# Unexpected Food Discoveries.



## eagle2250 (Mar 24, 2006)

Have any of you ever walked into one of your routine 'foodie' haunts and been rewarded with a new gastronomical experience. After services, yesterday, the wife and I dropped into Heinze Bakery, an incredibly delightful opportunity to briefly step out on our accursed diets, on Calumet Ave, Valparaiso, IN. The sweet lady behind the counter recommended I try one of their butterscotch iced donuts, topped with fresh bacon crumbles...the contrast between the salty bacon and the sweet butterscotch icing was sinfully good and an enduring love affair has commenced!


----------



## drlivingston (Jun 21, 2012)

If you find yourself down here in the Bible belt, go into a Flip Burger Boutique and order a foie gras milkshake.

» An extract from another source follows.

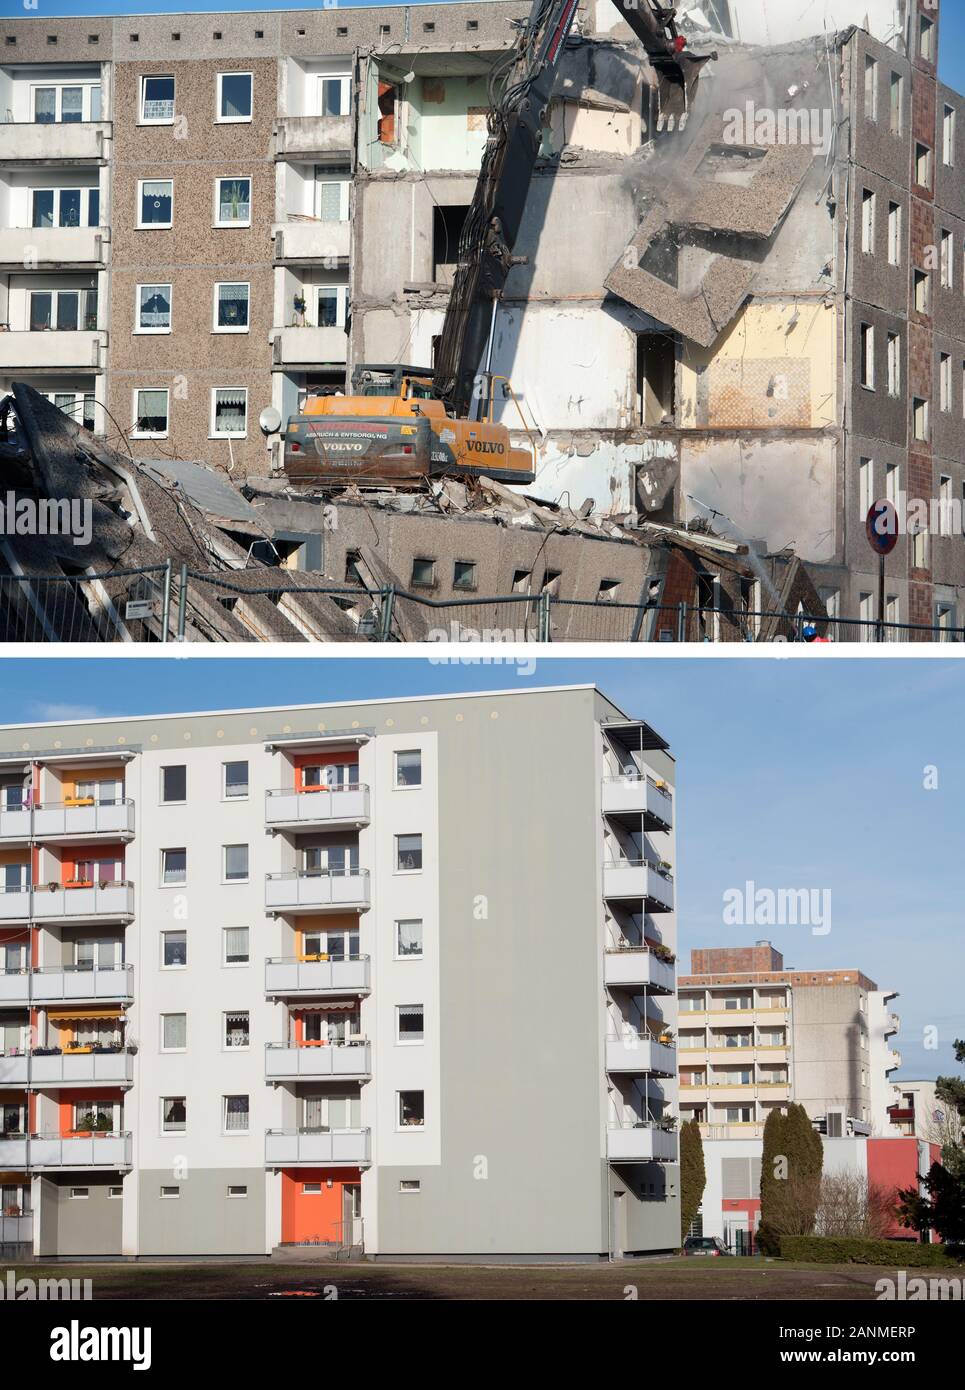 Stralsund, Germany. 17th Jan, 2020. KOMBO - On 28.11.2011, an excavator demolishes a panel building from GDR times in the Knieper West residential area of Stralsund. The block behind it has been redeveloped today (photo below) for 'dpa survey: Stadtumbau Ost - Where do we stand 30 years after reunification? Credit: Stefan Sauer/dpa-Zentralbild/ZB/dpa/Alamy Live News Stock Photo
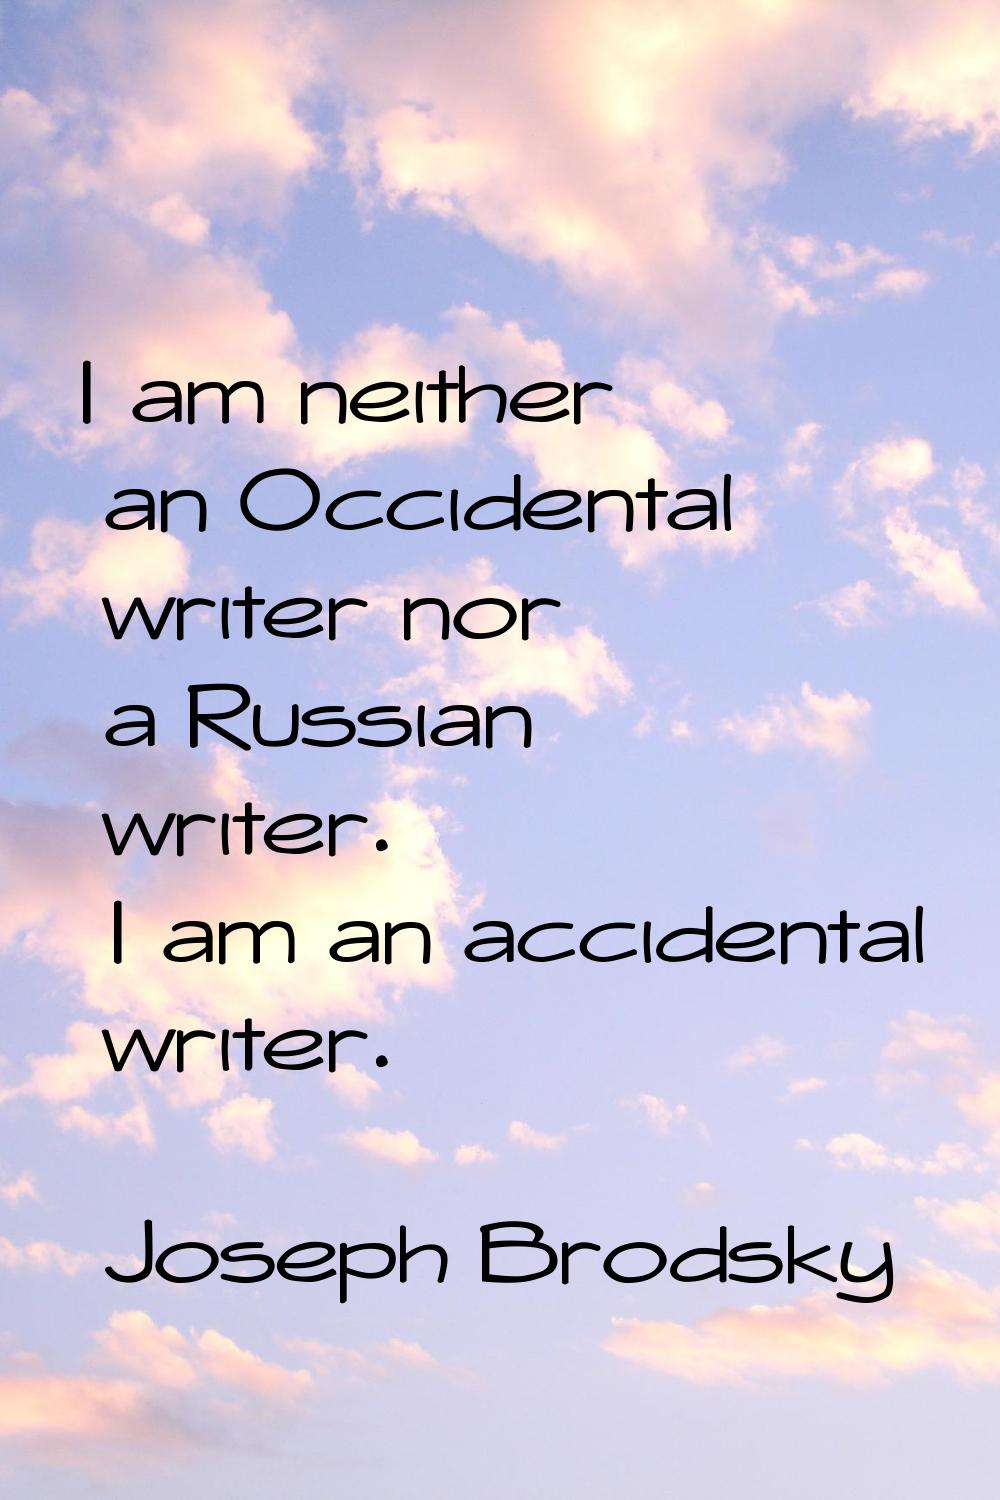 I am neither an Occidental writer nor a Russian writer. I am an accidental writer.

Sounds disgusting but the taste is quite delicious.


----------



## ChrisRS (Sep 22, 2014)

Maybe it is the Atlanta atmosphere (Flip Burger above), but I walked into a local Smyrna favorite and enjoyed a dill pickle popcorn appetizer. Essentially, dill seasoning with a vinegar drizzle. I couldn't lick my fingers enough.


----------



## eagle2250 (Mar 24, 2006)

When the wife and I travel south to visit the kids in January, we will have to find a "Flip Burger" location and try both the fois gras milkshake and the dill pickle popcorn appetizer. That popcorn appetizer suggestion triggered a craving for an order of deep fried pickles! Haven't had those in over a year.


----------



## Peak and Pine (Sep 12, 2007)

^^^

And when they let you out of that Wabash Hell Hole, please come up here to taste my cat hair pie.


----------



## eagle2250 (Mar 24, 2006)

^^LOL.... 

Surely you can't be referring to the glorious "Crossroads of America" as "that Wabash Hell Hole"? :icon_scratch: In any event, I think I will pas on the cat hair pie!


----------